After the Winters incident everything was supposed to get better.

Leo didn't expect them to forgive him immediately of course, but they were still brothers, and he'd just thought- not hoped, _believed_ \- that they'd warm up to him in time. That eventually, Mikey would start to laugh _with_ him again instead of at him, brush casually against him as they ran, offer him some of his food and paint him breathtaking pictures of skylines and sewer tunnels. Stop glaring at him with those guarded, untrusting looks as if Leo were about to sprout wings and fly away. Donnie would ask him how he was, look at him, talk to him, smile at him. That Raph would go easy on him once or twice, try to understand, maybe even grow to respect him the way he used to.

It never happened.

Weeks slipped by, that turned into months, and eventually years. Every morning Leo woke up with the same mantra running through his head, pleading to every deity he knew of. _Today will be better. Please just let today be better._

Mikey had given up on asking him why he didn't come back, although the heartbroken look almost worked the last few times. Leo wouldn't have been able to keep secrets much longer if he had to keep listening to the crack in his little brother's voice, watch Raphael try to mask the undeniable hurt, stare at Donnie's slouched shell as he walked away. But eventually they'd given up. They always did in the end. They were stubborn to a fault but when it came to him, they didn't care enough to keep trying.

* * *

Leo was mad. Really mad.

Donnie and Raph were shouting at him. Mikey was in his room. April and Casey only looked at him sympathetically, but neither made a move to help.

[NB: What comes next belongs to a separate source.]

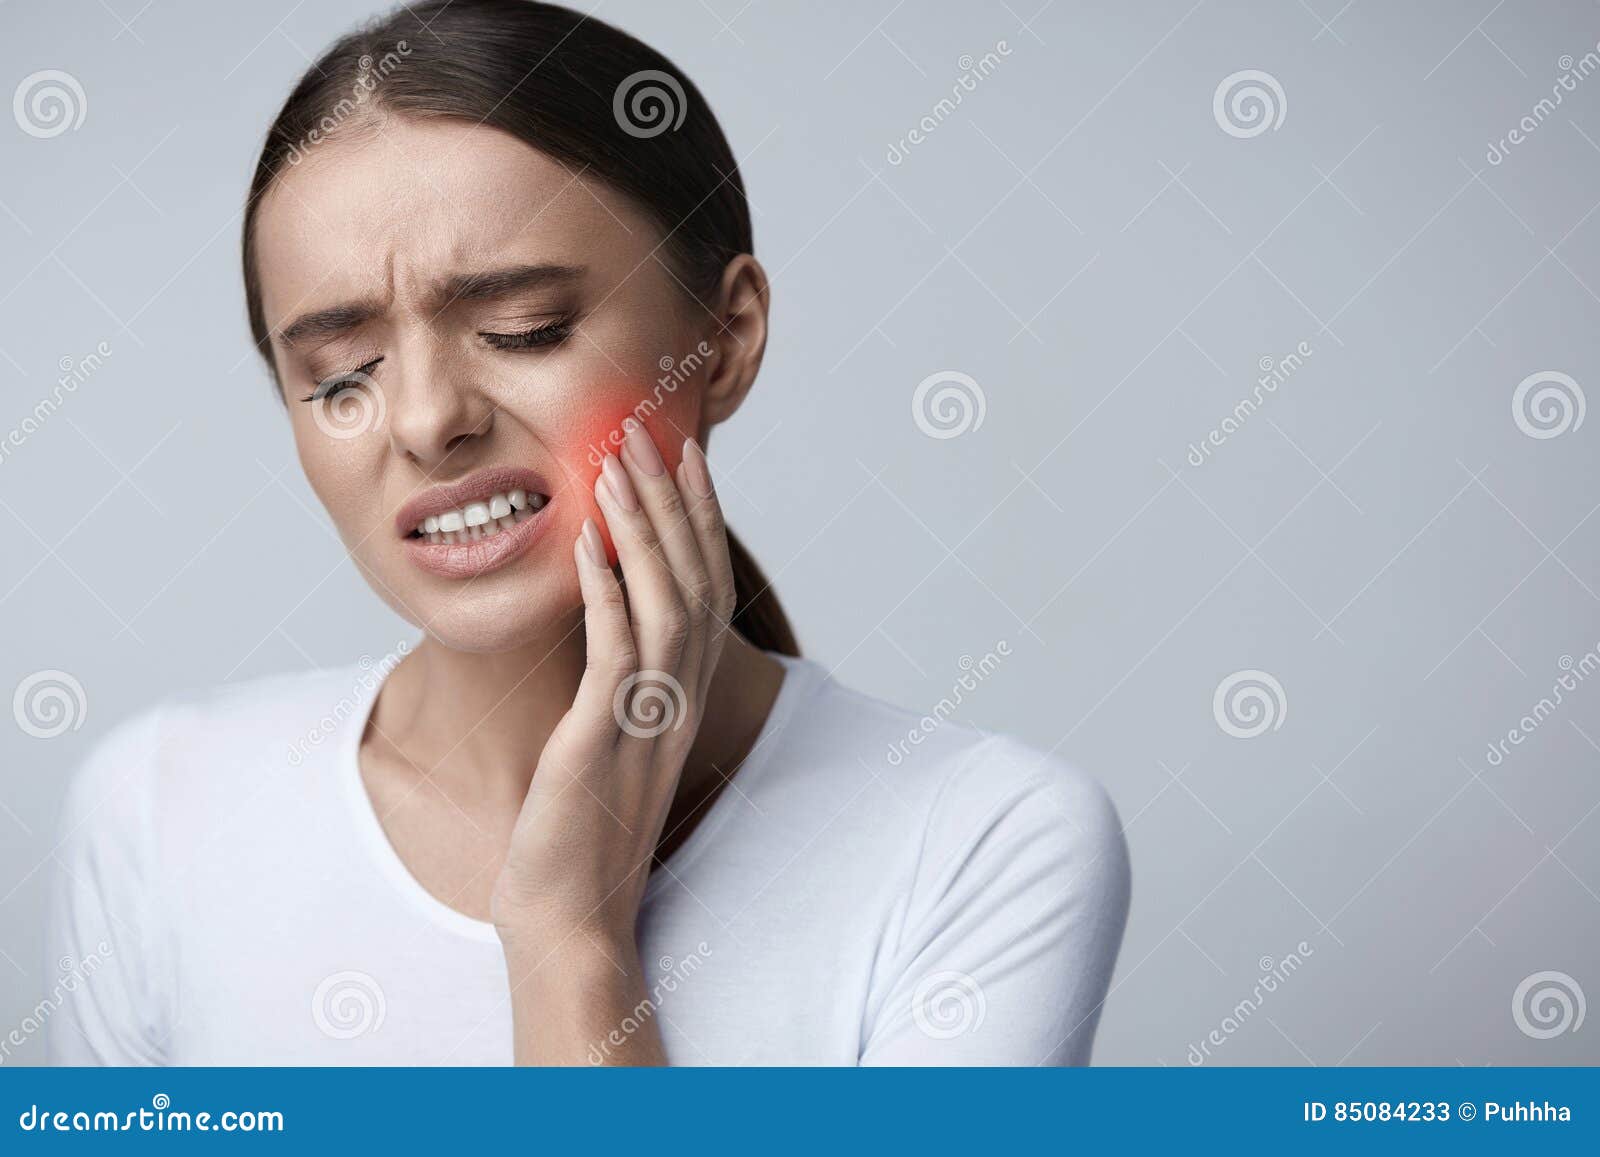 tooth pain. beautiful woman feeling strong pain, toothache

"You weren't paying attention-"

"-hurt because of you-"

"-if you were _watching_ -"

Leo was watching, actually, just as acutely as always, but everything had changed. They'd changed.

"-if you even cared-"

"-wasted! And you-"

Leo had had enough. " _I didn't know alright_!"

The room fell silent, Donnie's mouth still open halfway through a sentence.

"If you guys had bothered to communicate with me-"

"It's not our fault you were gone!" Raph stepped forward so they stood beak to beak.

"Yes it is," Leo stated. The only sound was heavy breathing, though it was impossible to tell whose. Donnie looked at him blankly, furiously, but said nothing.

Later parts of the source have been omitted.